BLAT at Golden Brown
With most standard set meals consisting of rice and soup, there were times I craved the comfort and familiarity of home food. Although Golden Brown specialise in making delicious (onion free) burgers, I rarely diverted from the BLT (with the addition of avo). With the surprise addition of alfalfa and a green pickle on the side, I usually sat at the counter overlooking the open kitchen as I scoffed my meal in record time. The first time I was handed a paper pocket to keep the contents of my burger intact, I thought the restaurant owner must have been a genius. I now have come to realise this revolutionary burger accessory comes standard with any handheld sandwiched consumable; one of the many trivial, yet pleasurable elements of dining out in Japan.
The Meguro river
A reminder of nature’s transitory beauty and power to bring joy to all ages, the Meguro river calmed my mind as I strolled it each day without fail. Connecting Ikejiri Ohashi and Naka Meguro station, I always preferred walking this route so that I could enjoy the view of the ever-flowing river instead of the consistent traffic of the 317 highway. During winter, I passed by little more than an abandoned plastic brolly; a tell-tale sign of a windy evening or drunk salary man stumbling home. During hanami (cherry-blossom season) however, the area was invaded with souvlaki salesmen shouting ‘oishii’ to the hordes of tourists taking happy snaps.

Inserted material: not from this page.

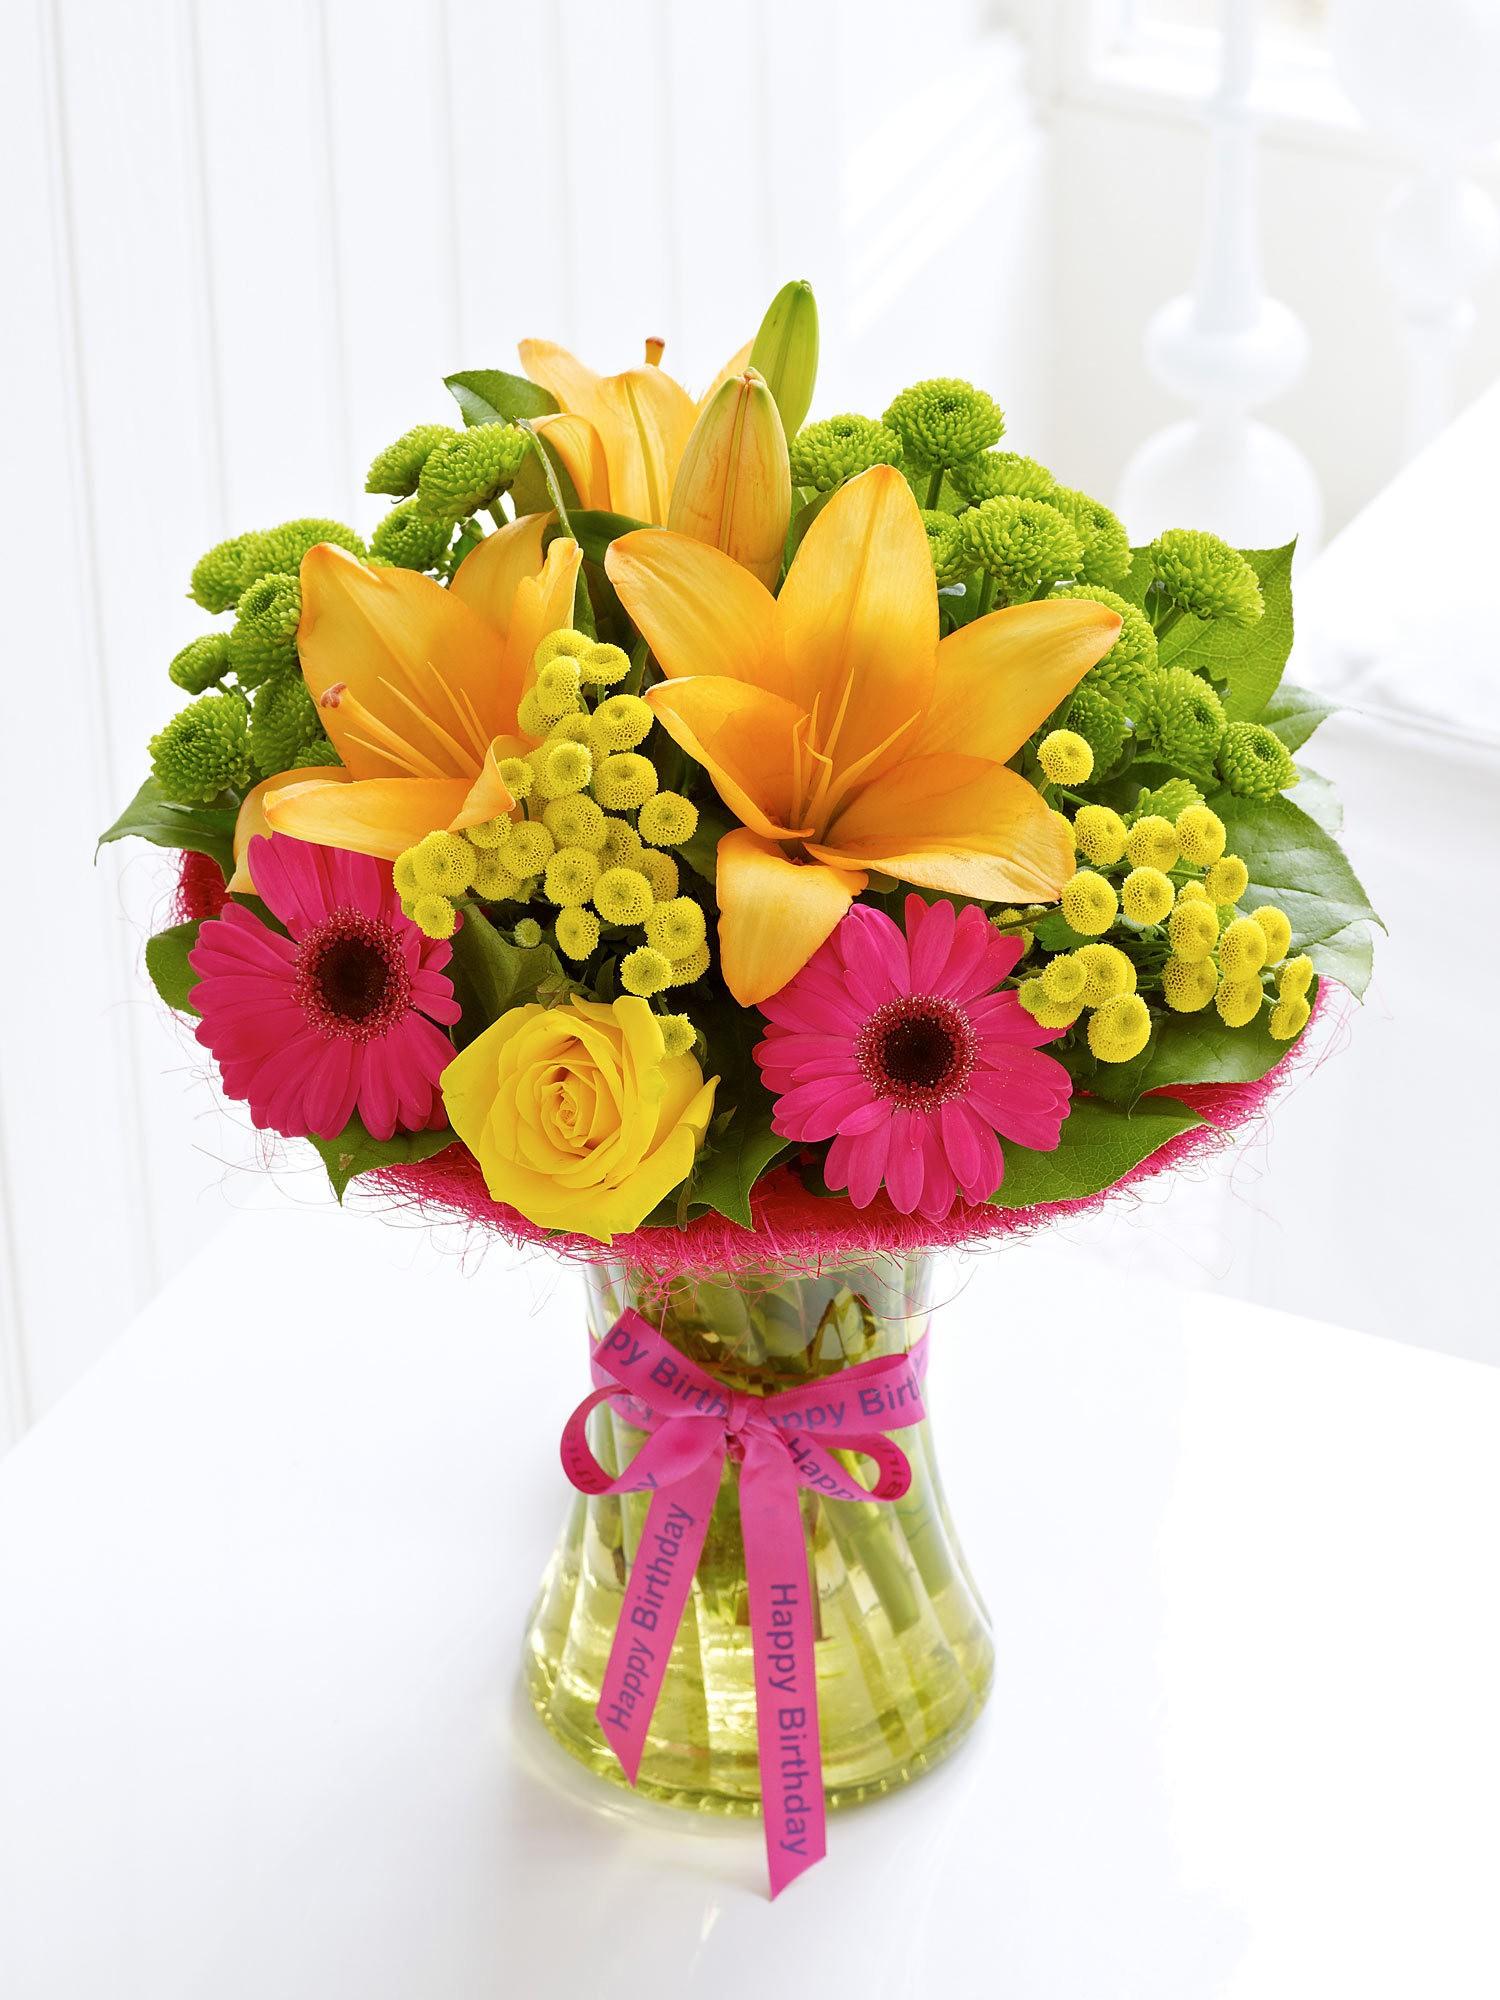 Free photo: Birthday Bouquet - fresh, garden, nature - Creative ...

The antitheses of Shibuya 109
Although high-end area Daikanyama was within walking distance, I didn’t have to stroll much further than my regular haunts to lay eyes upon numerous contemporary spaces housing designer fashion labels. The Meguro river rivals the popular ‘Cat Street’ stretch between Shibuya and Harajuku, featuring some of the best male fashion stores I’ve seen in Tokyo. I regularly indulged in visiting Bulle De Savon just to touch the beautiful fabrics.

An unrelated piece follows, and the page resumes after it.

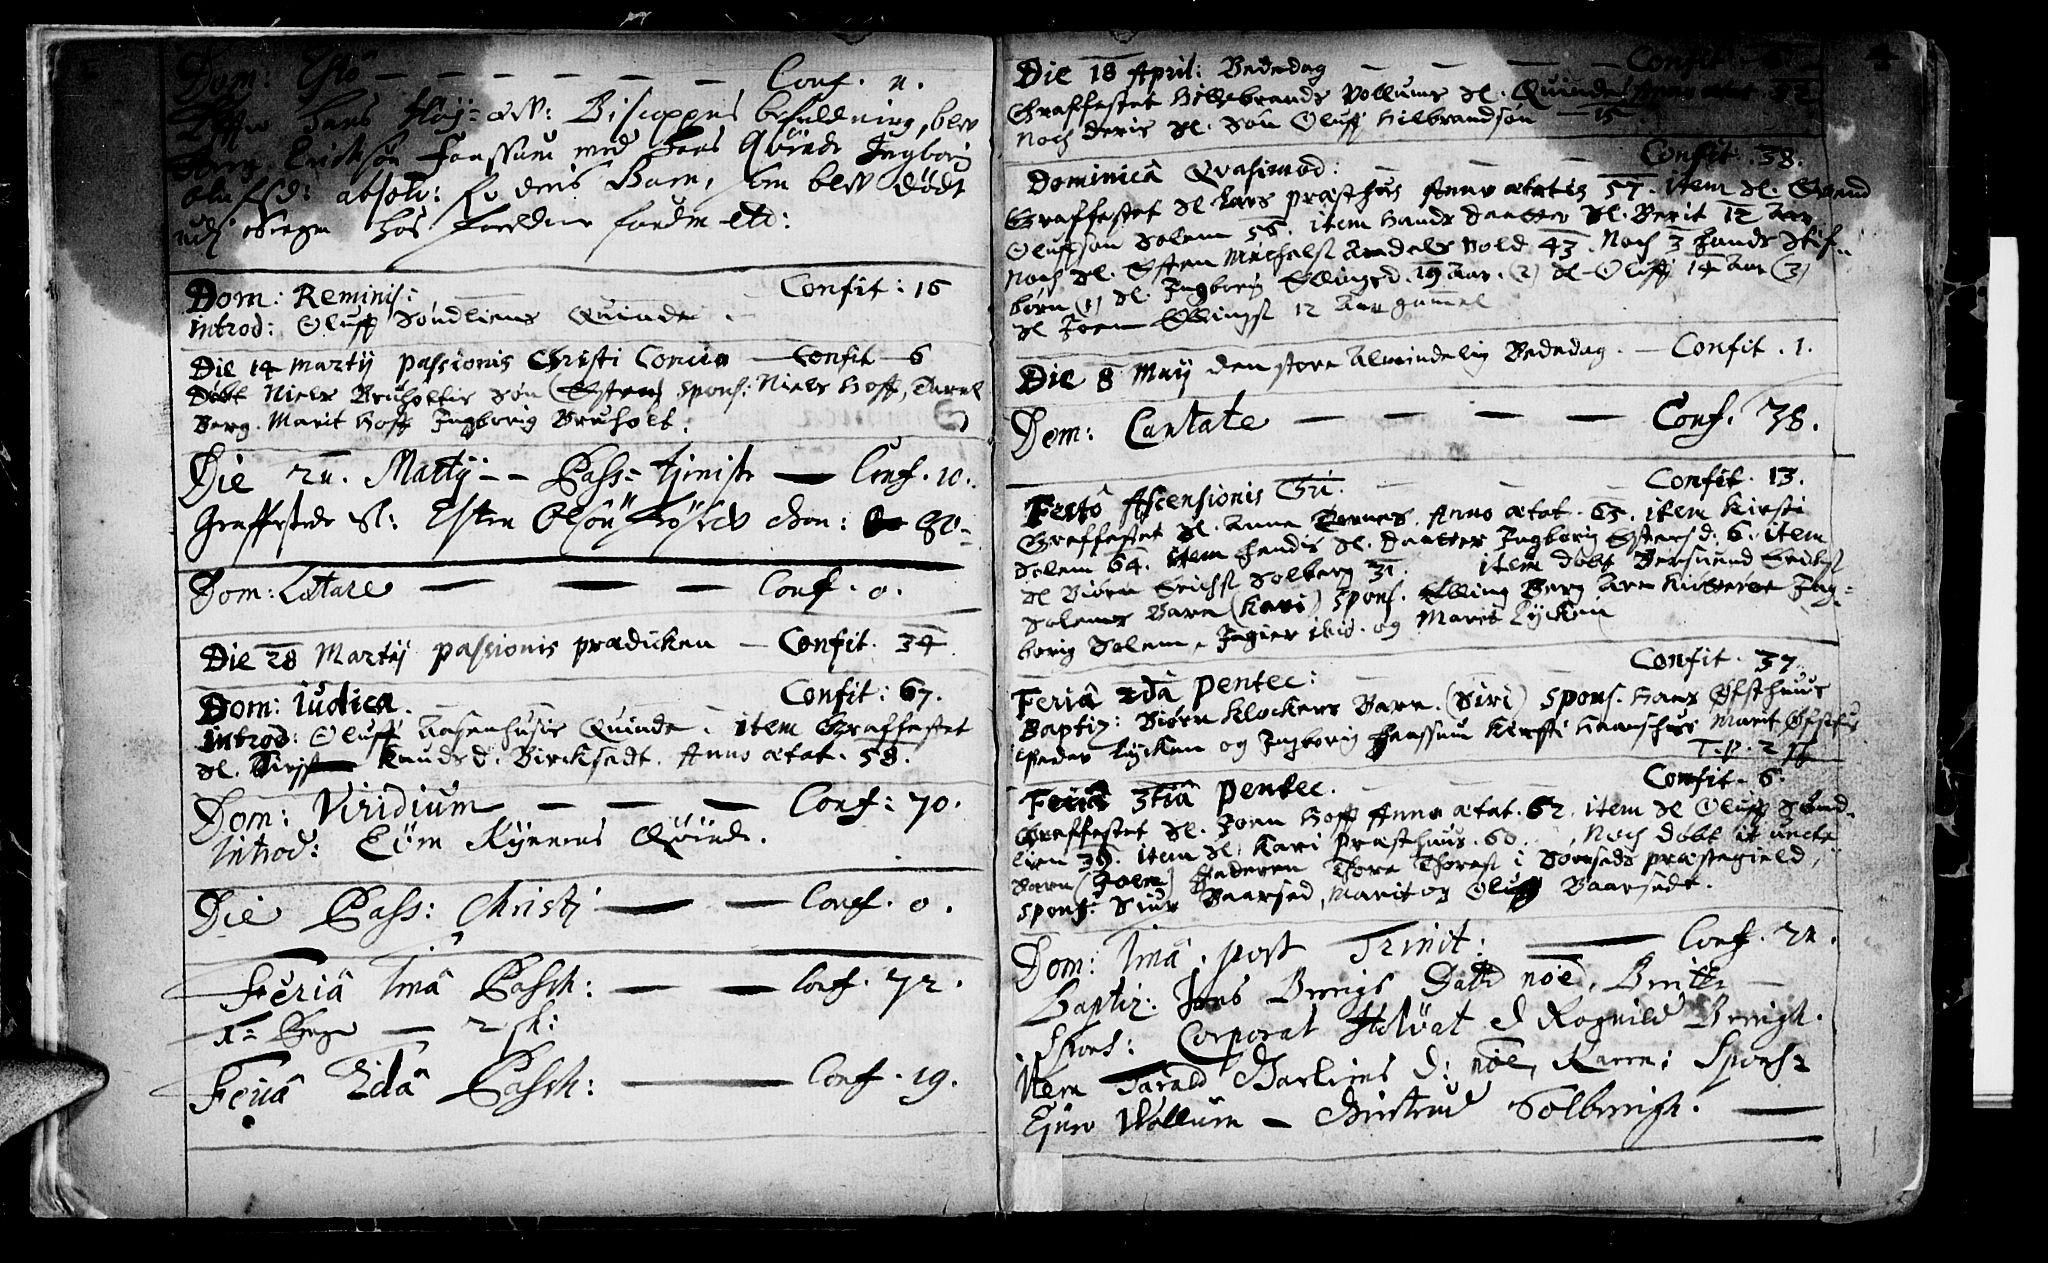 SAT, Ministerialprotokoller, klokkerbøker og fødselsregistre - Sør-Trøndelag, 689/L1036: Ministerialbok nr. 689A01, 1696-1746, s. 4

The most accommodating neighbours: Shop Detail homewares & Donki Hote discount variety store
I could spend hours admiring and touching all the knick knacks displayed on every surface of the long, thin store of Shop Detail. Although both of these stores are technically situated in Naka Meguro, they were no more than a brisk 10-minute walk away. Shop Detail stocks a variety of unique, trendy international and locally made gifts. The hanging prints, homewares and novelty items makes it a bit like a superior version of Urban Attitude in Melbourne. Here is a link to their online store: http://detail.co.jp/
For those of you who’ve never heard of Donki Hote, it’s a Japanese hybrid chain, mixing the likes of a grocer, department store and even naughty goods supplier to provide the masses with several floors of low-quality bargains. Over the past twelve months I’ve bought everything from fake blood for Halloween, to countless packs of Tim Tams wrapped in Indonesian packaging. Operating around the clock and likely to stock even your most obscure request, Donki Hote is every tourist and local's disorganised, yet reliable go-to.
Whiskey just the way you like it…and more!

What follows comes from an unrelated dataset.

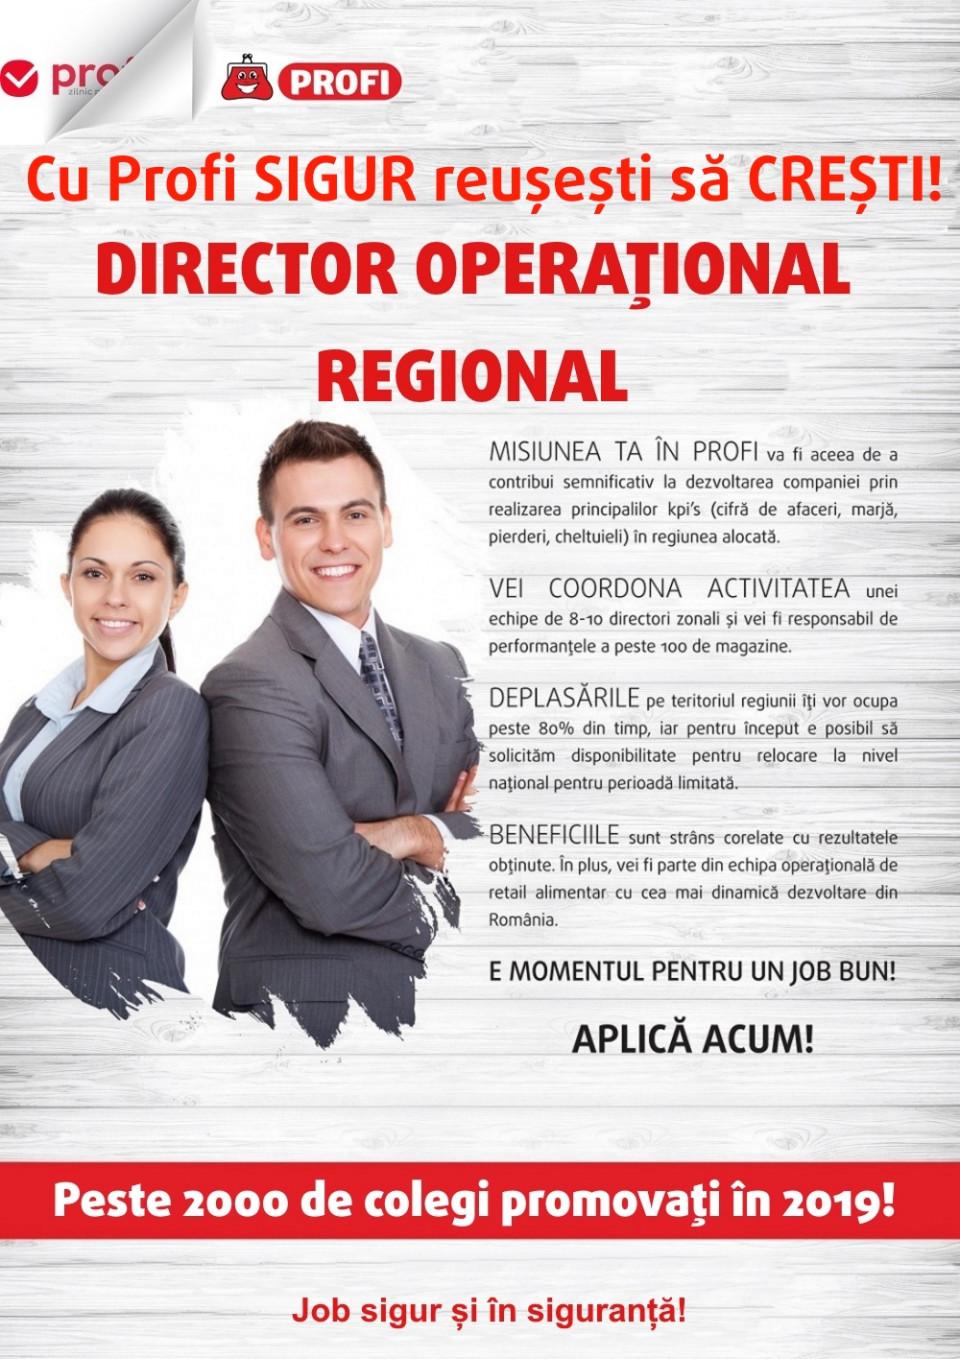 Director Operational Regional   De peste 20 ani, lanțul de magazine PROFI se dezvoltă continuu, având o expansiune accelerată, planificând să depășească în 2020 pragul de 1.300 de magazine în toată țara. PROFI este un angajator de top din retailul modern, cu o echipă dinamică, flexibilă și ambițioasă, formată din peste 21.000 de angajați. Susținem dezvoltarea și creșterea armonioasă a companiei PROFI prin identificarea de noi membri, deschiși, implicați și dornici să se dezvolte profesional într-un mediu competitiv. Abia așteptăm să aflăm mai multe și despre tine și să ne cunoaștem!

|Top image supplied by Allen Ferguson|
There is certainly no shortage of amazing bars and izakayas (traditional Japanese restaurant) in the area. While some suitably blaze neon signage like Orblight, most of the drinking holes which attract the rich and famous are situated in very discreet locations. Forget Coda bar until the rest of the neighbourhood has gone to roost, for most of Japan’s brightest stars only trickle in during the wee hours before sun rise. With the musical neighbourhood of Shimokitazawa just up the hill, I’ve seen brilliant rock stars such as Dan Hawkins (my brother) play in tightly-packed bars and shared many-a-drink with friends before stumbling back down the hill to my home base.